§ **Instructions for the task**: Write the data out again exactly, with no pictures.
*** Supplied material ***
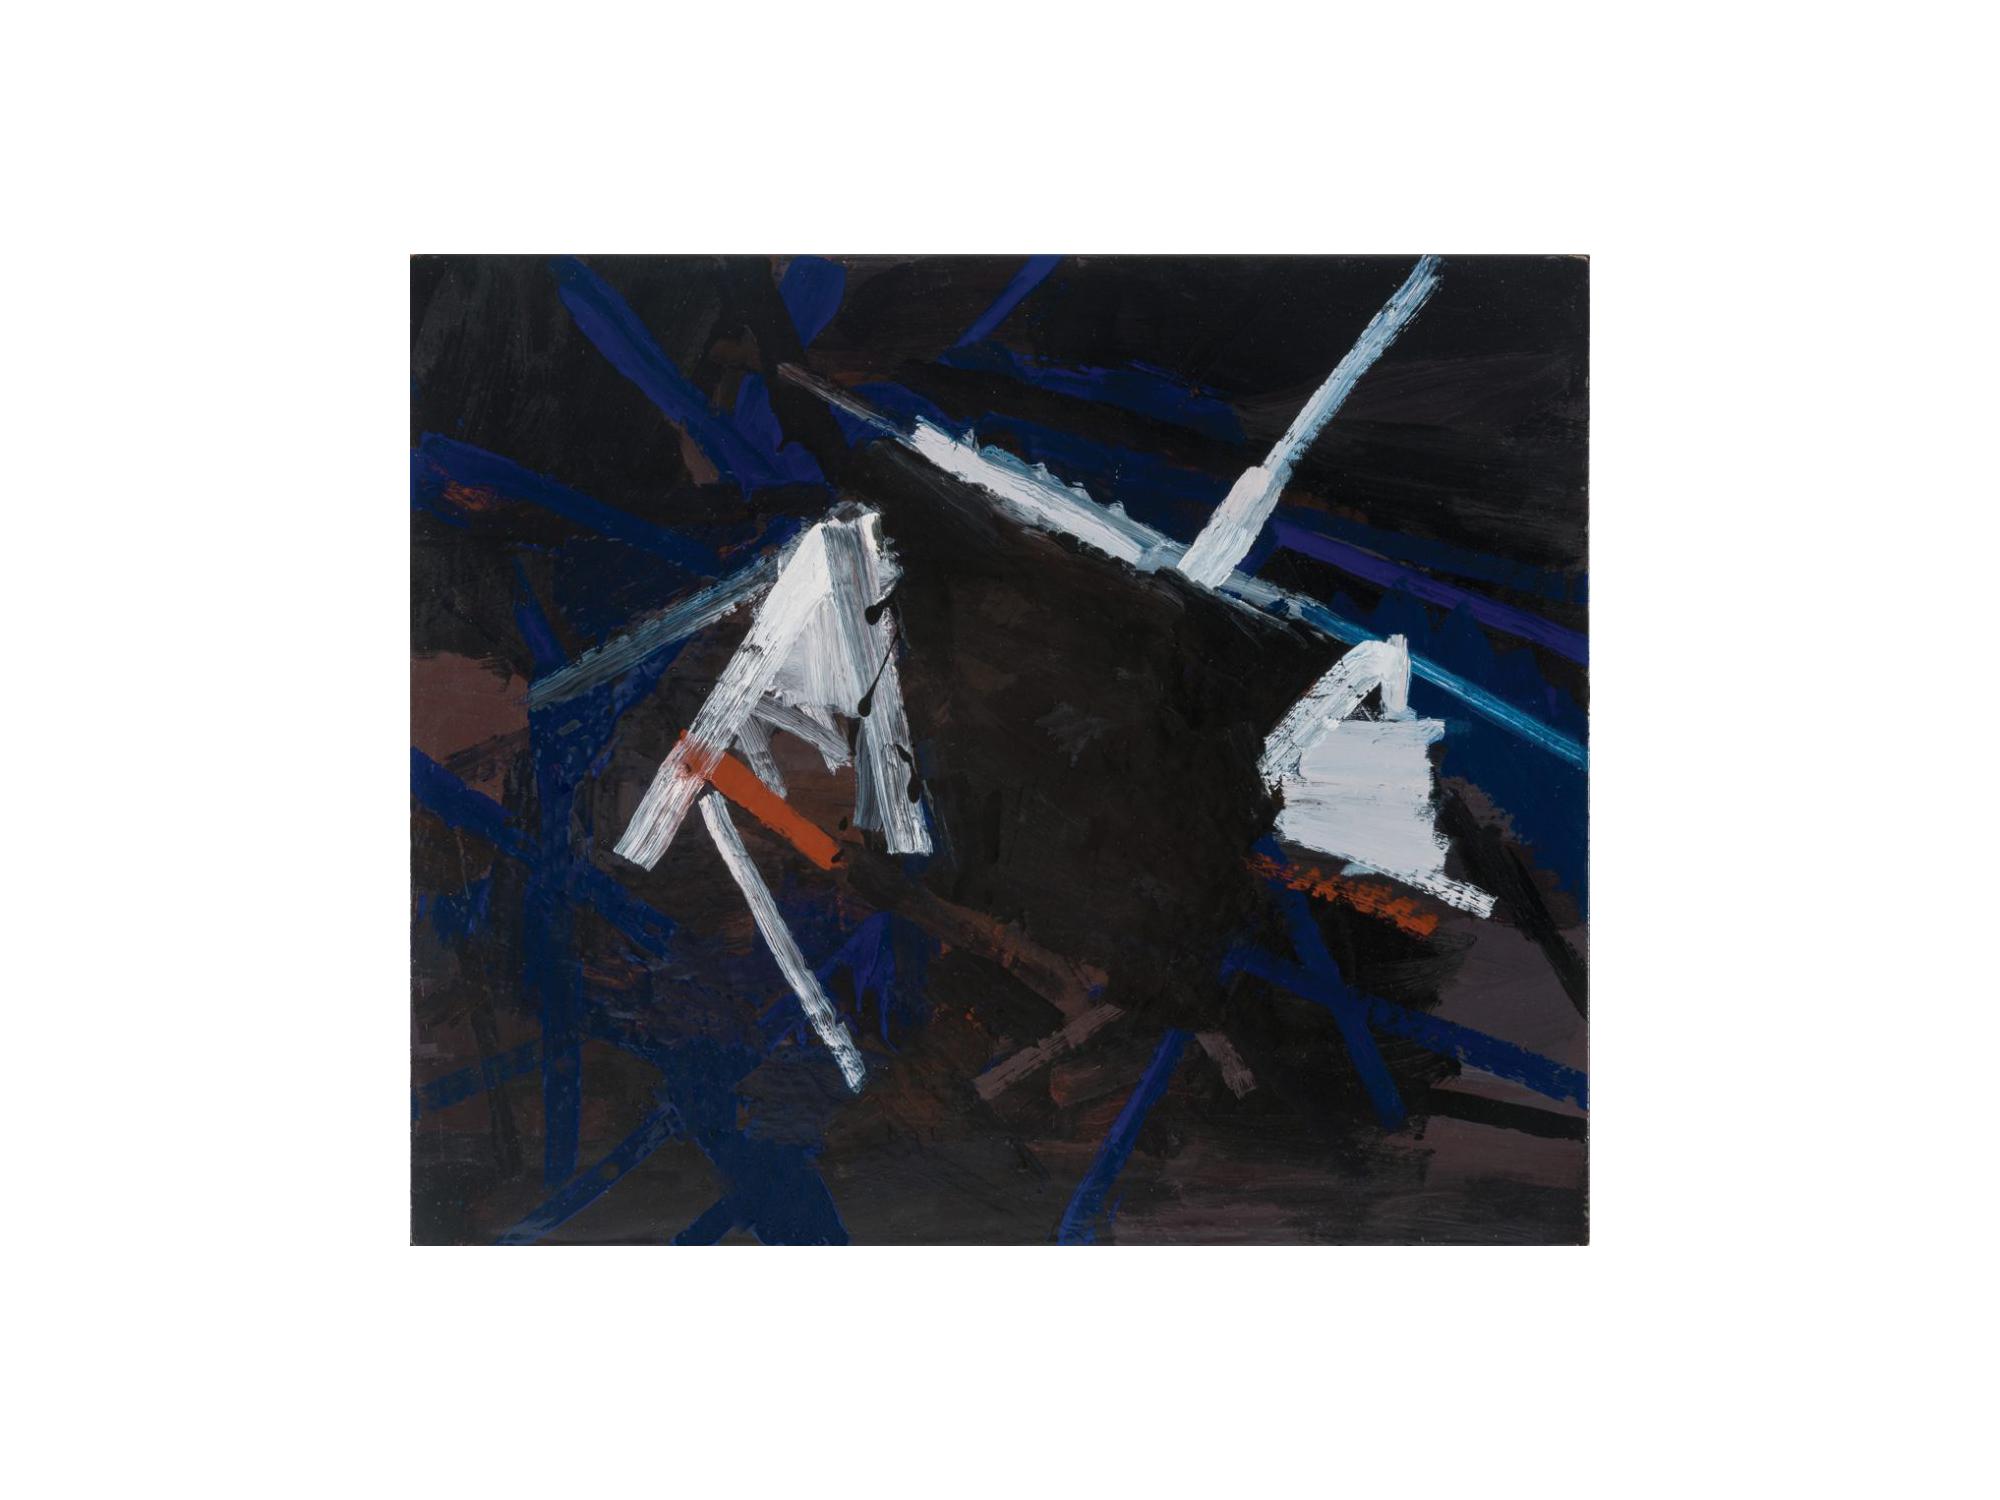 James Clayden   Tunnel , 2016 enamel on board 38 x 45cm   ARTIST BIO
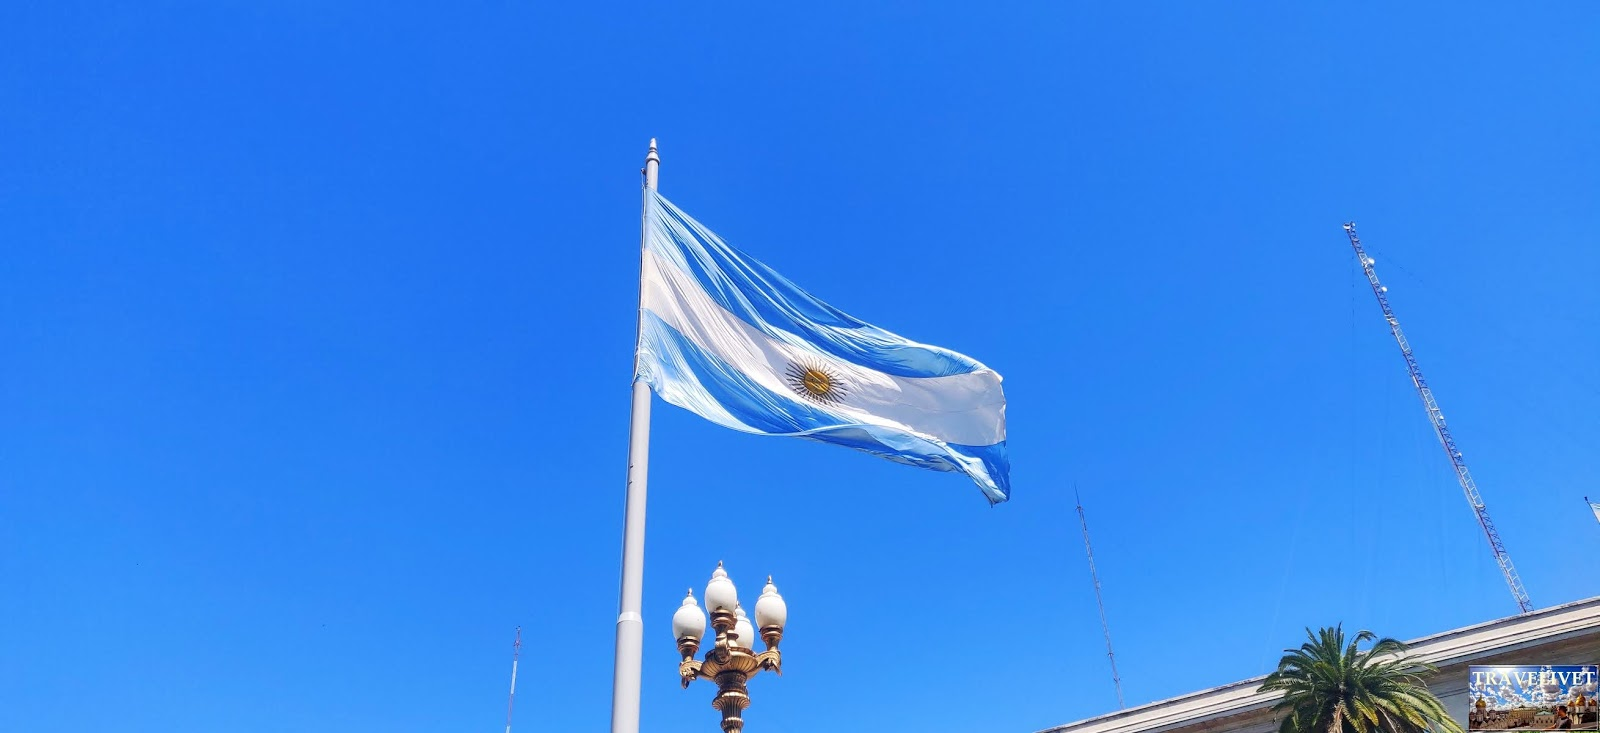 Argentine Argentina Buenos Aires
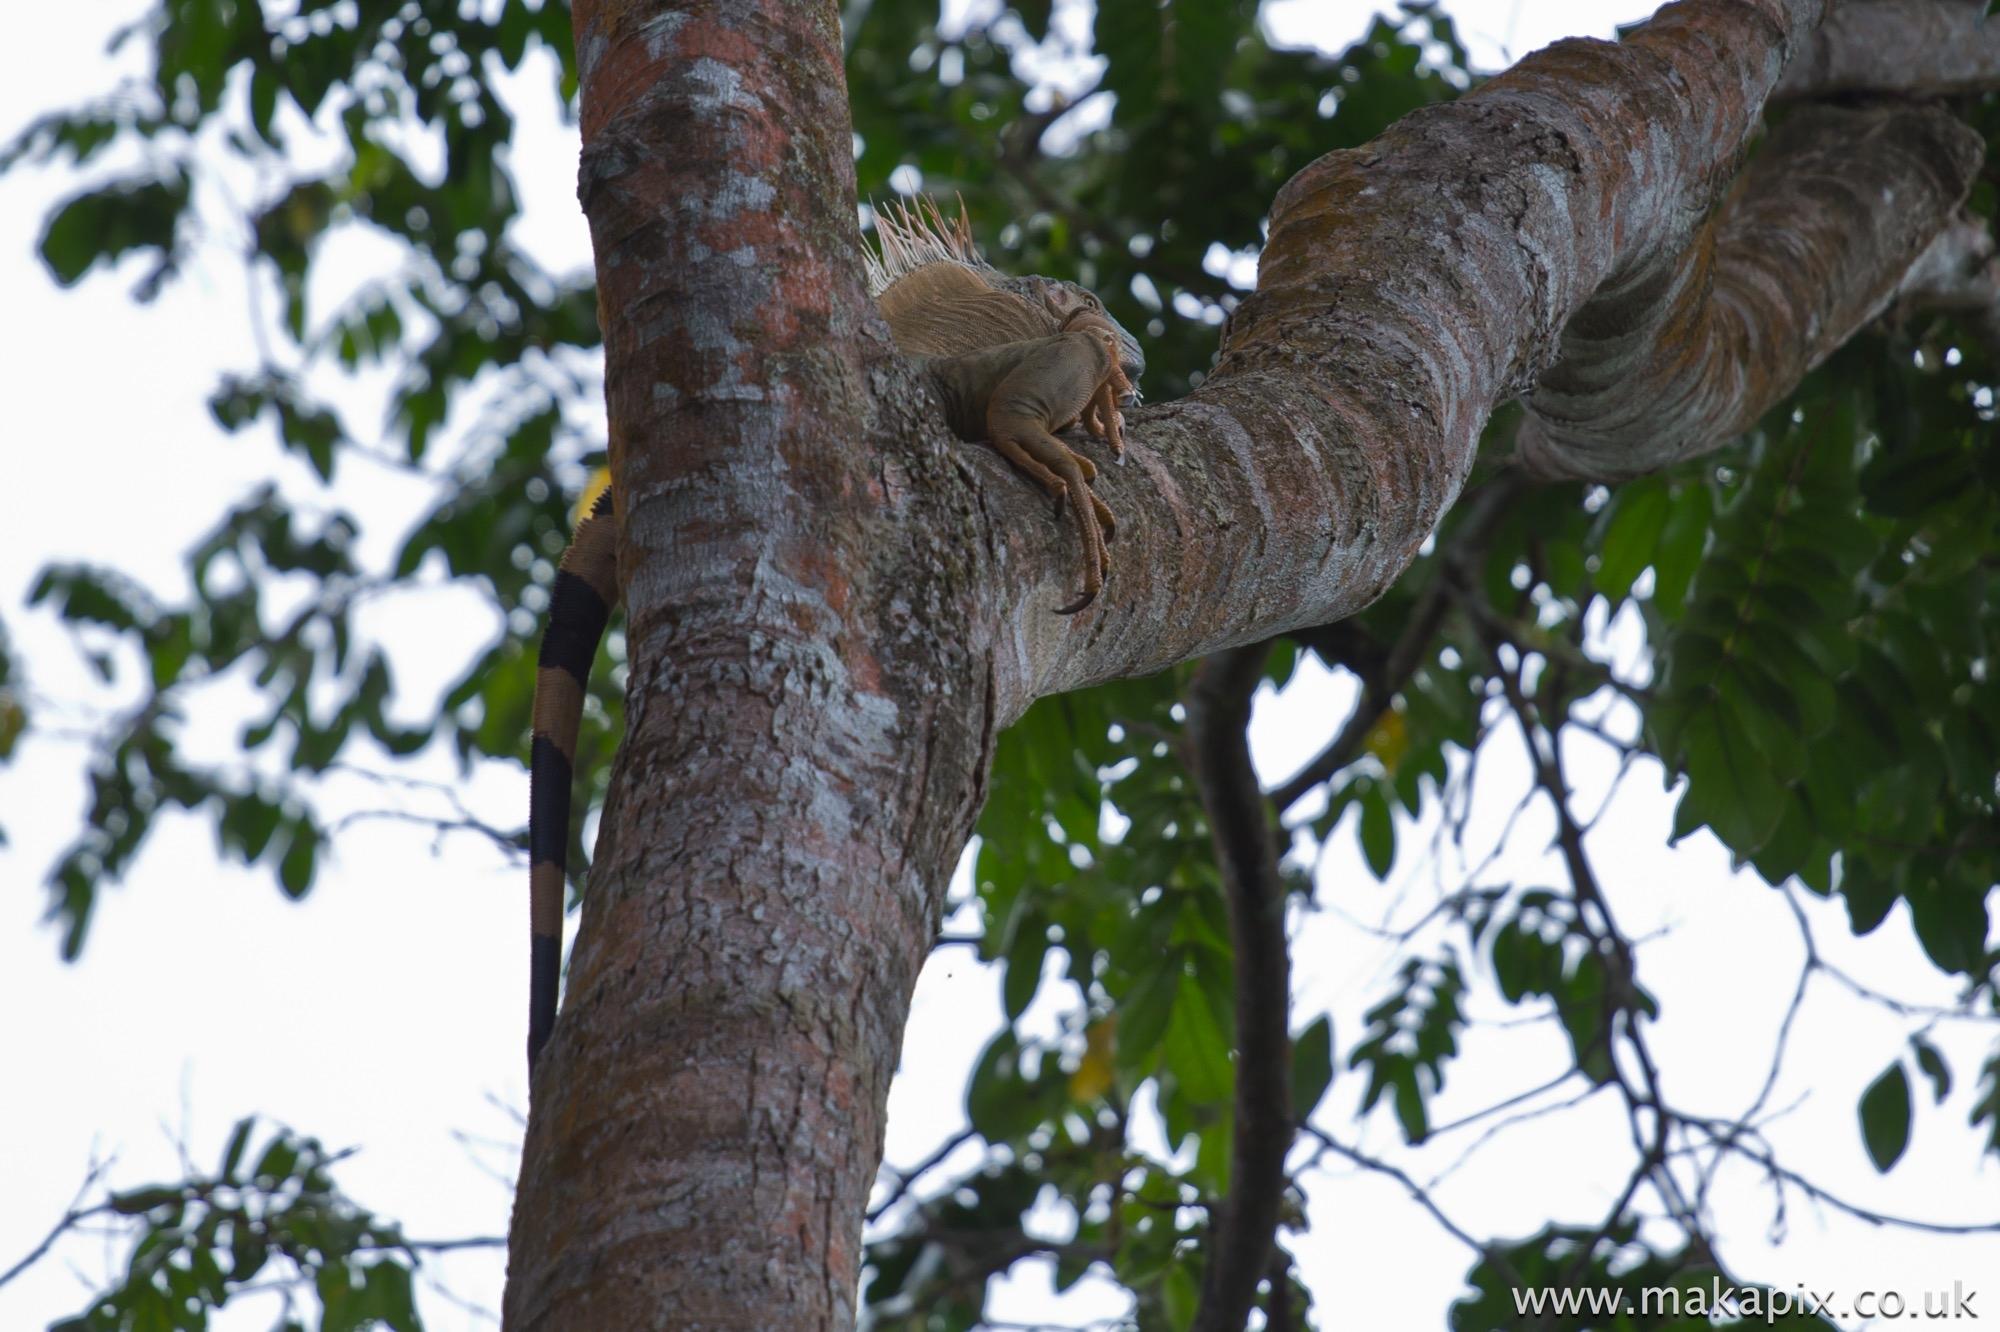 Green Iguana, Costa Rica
***
§ **Result for this task**:
 James Clayden   Tunnel , 2016 enamel on board 38 x 45cm   ARTIST BIO
 Argentine Argentina Buenos Aires
 Green Iguana, Costa Rica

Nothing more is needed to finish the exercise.